» INFORMATION PROVIDED:
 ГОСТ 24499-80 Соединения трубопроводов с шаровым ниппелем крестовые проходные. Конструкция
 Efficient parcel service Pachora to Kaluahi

--

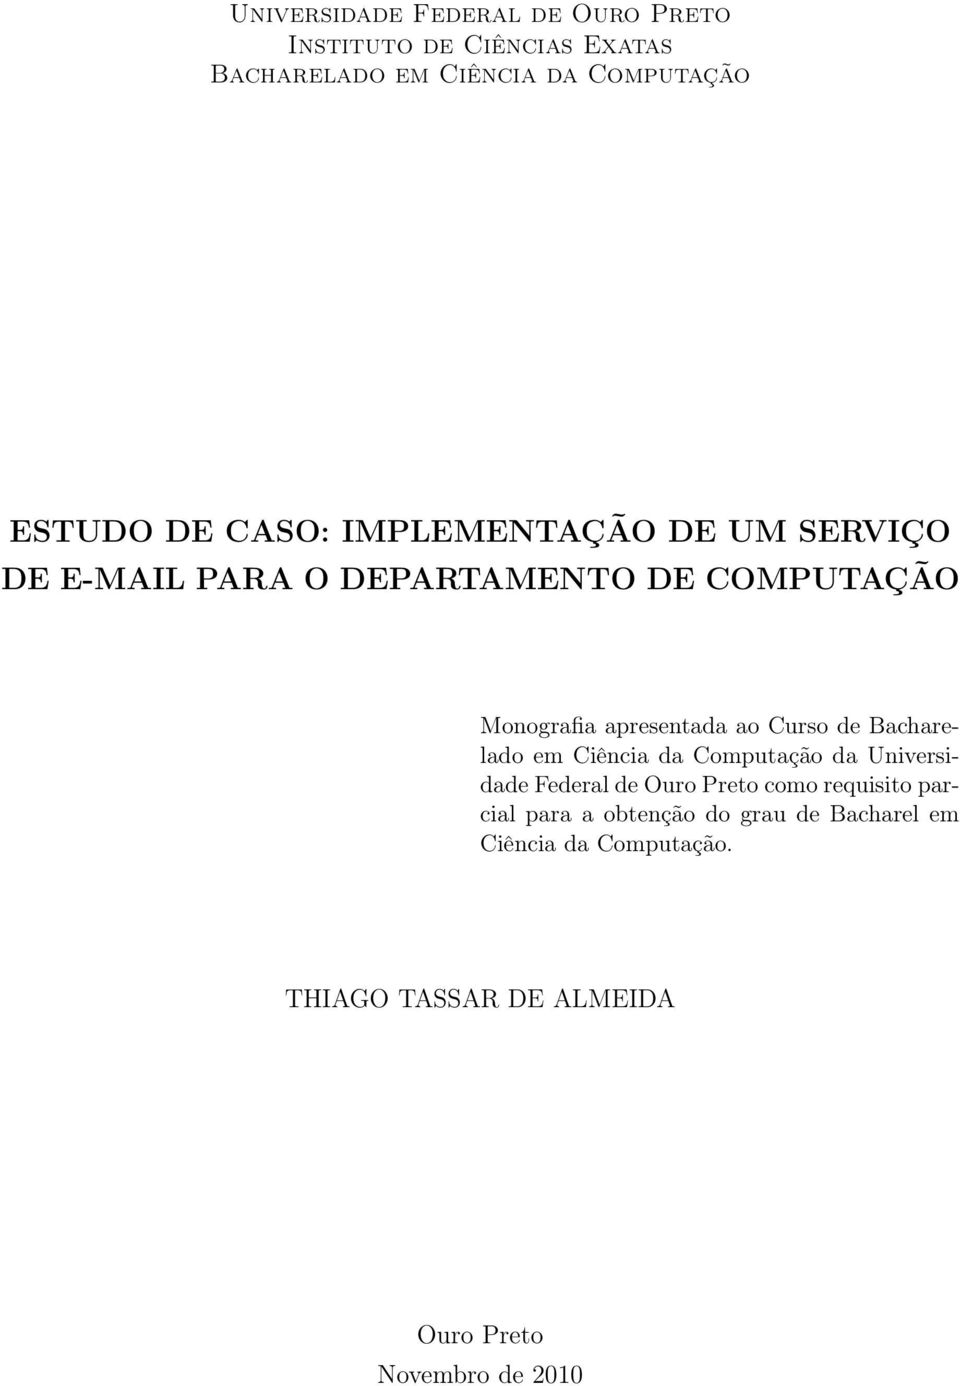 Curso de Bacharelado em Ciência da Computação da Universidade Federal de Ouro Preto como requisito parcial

--

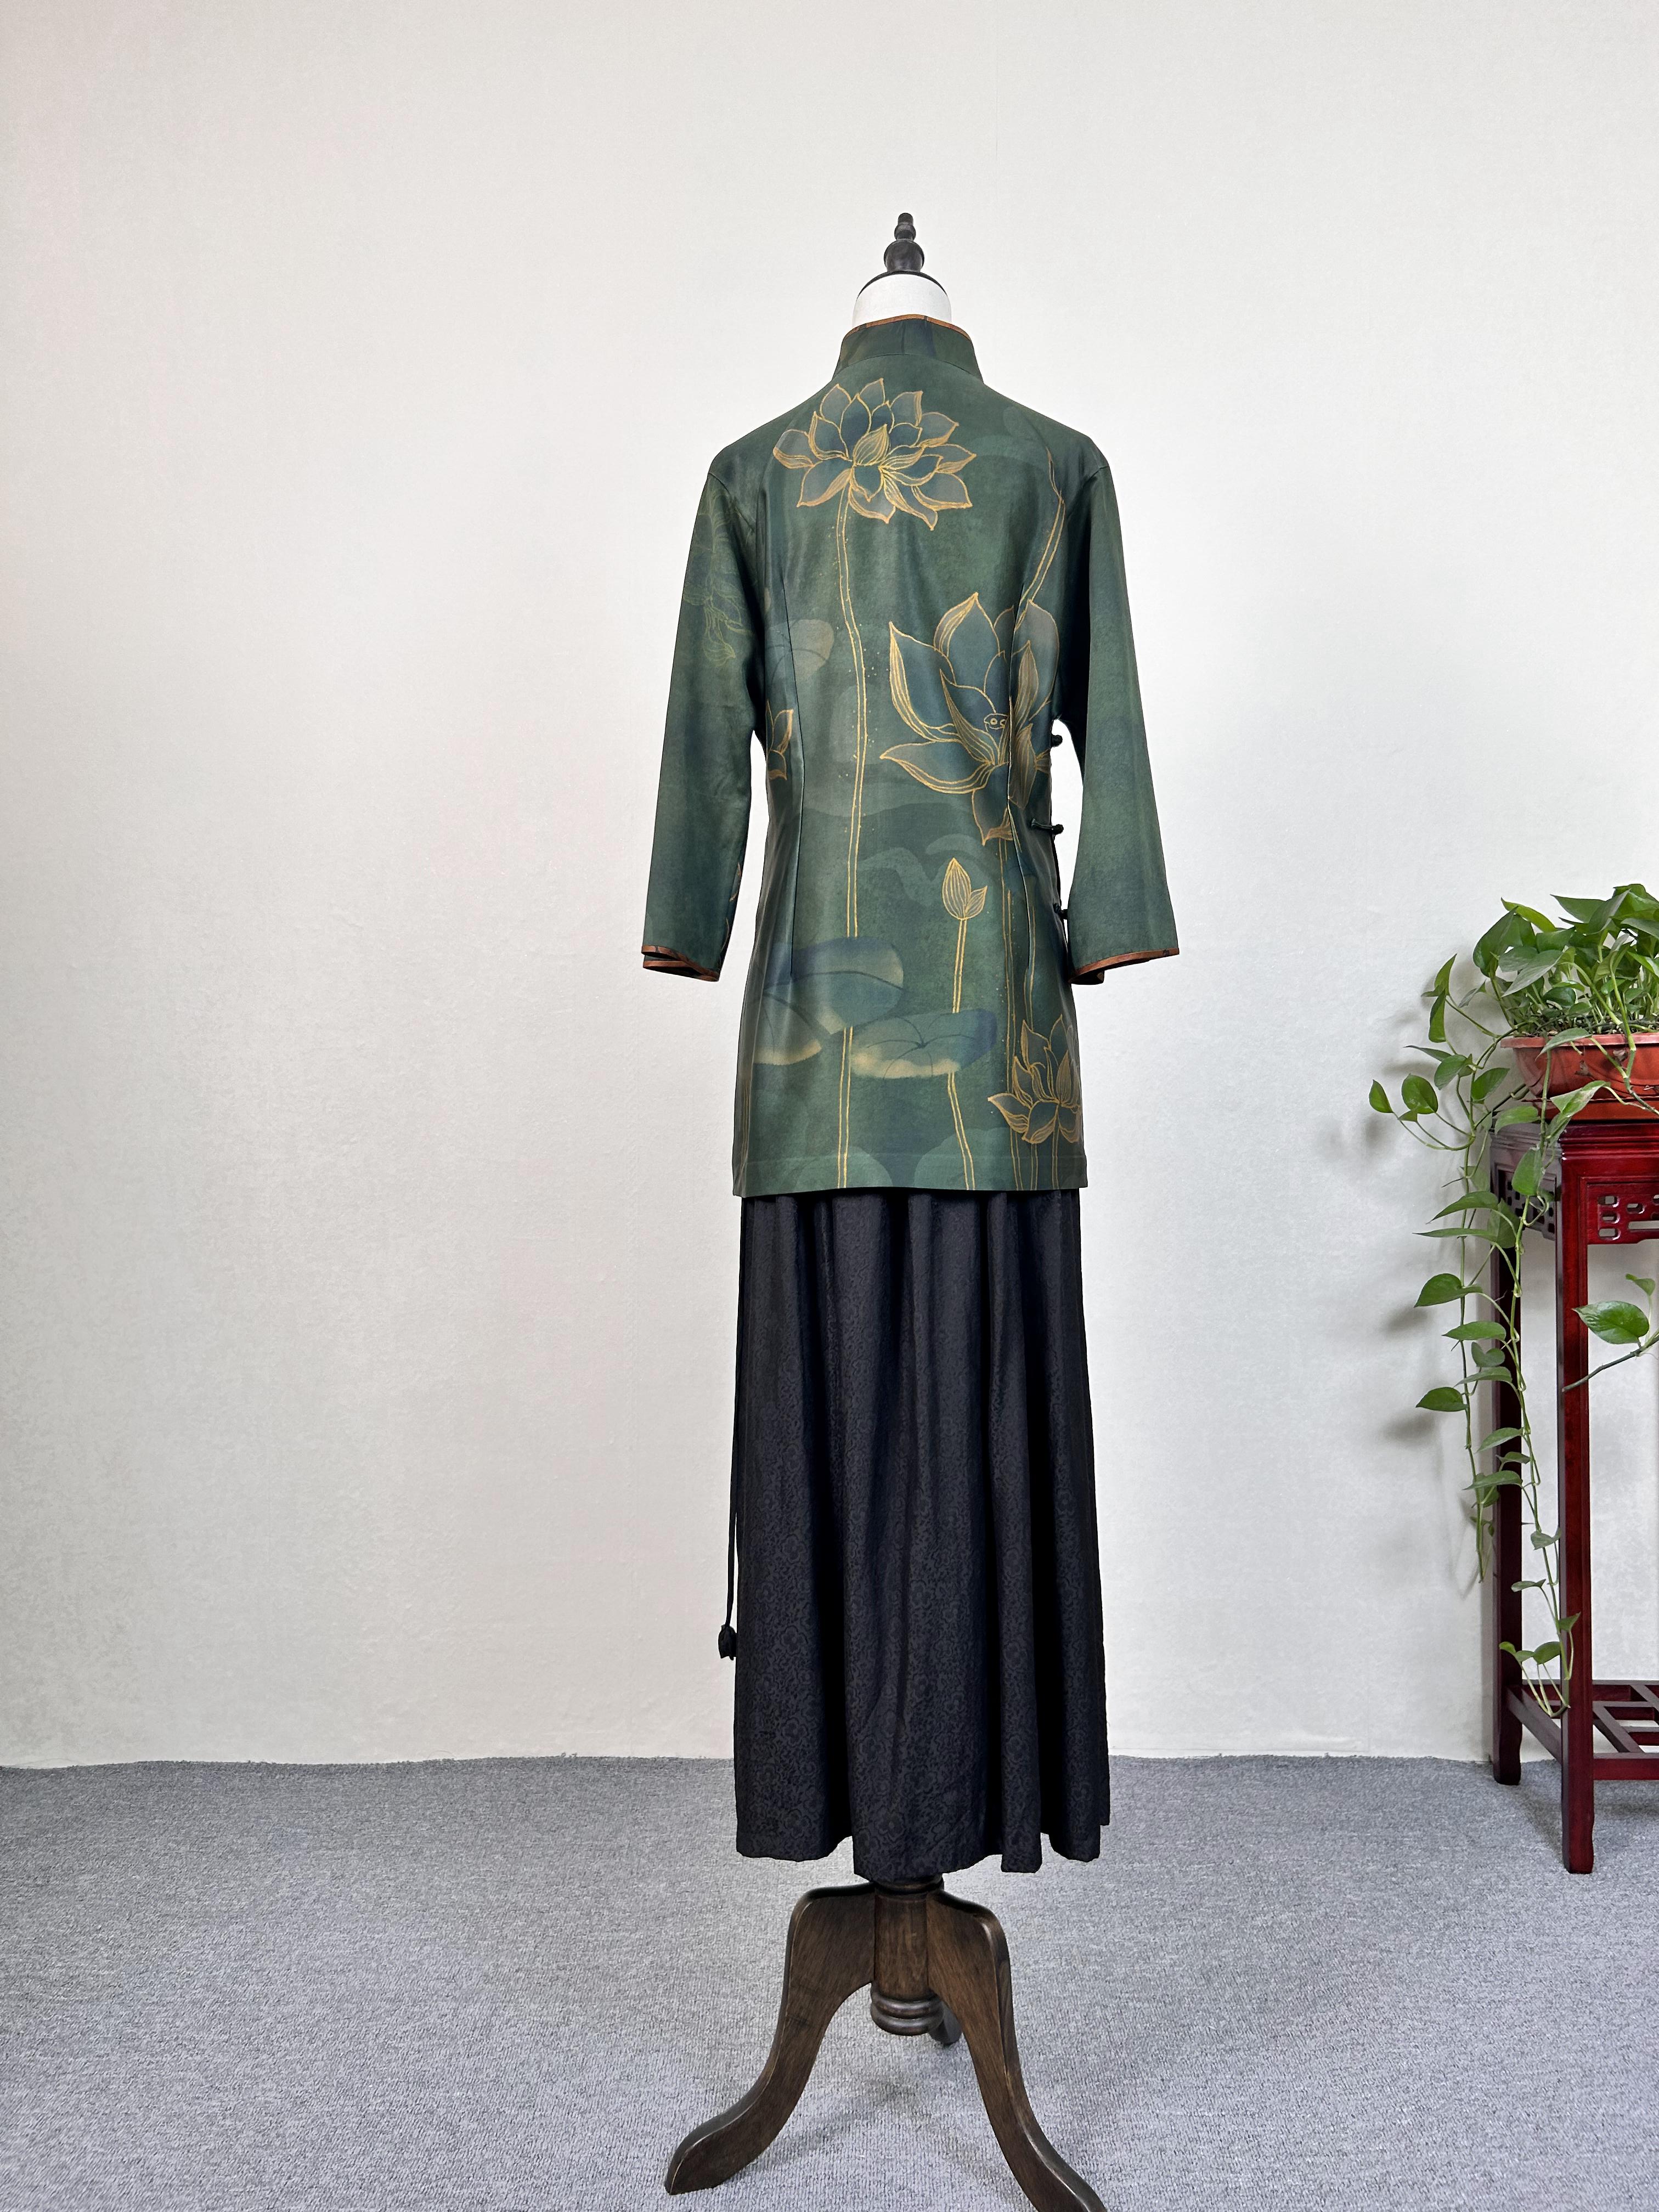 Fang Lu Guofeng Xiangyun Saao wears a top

» WHAT YOU HAVE TO DO:
Extract the lines of the preceding material that run from the line with "ГОСТ 24499-80 Соединения" through the line with "Efficient parcel service Pachora to Kaluahi", inclusive, reproducing them exactly and adding nothing.

» SOLUTION BELOW:
 ГОСТ 24499-80 Соединения трубопроводов с шаровым ниппелем крестовые проходные. Конструкция
 Efficient parcel service Pachora to Kaluahi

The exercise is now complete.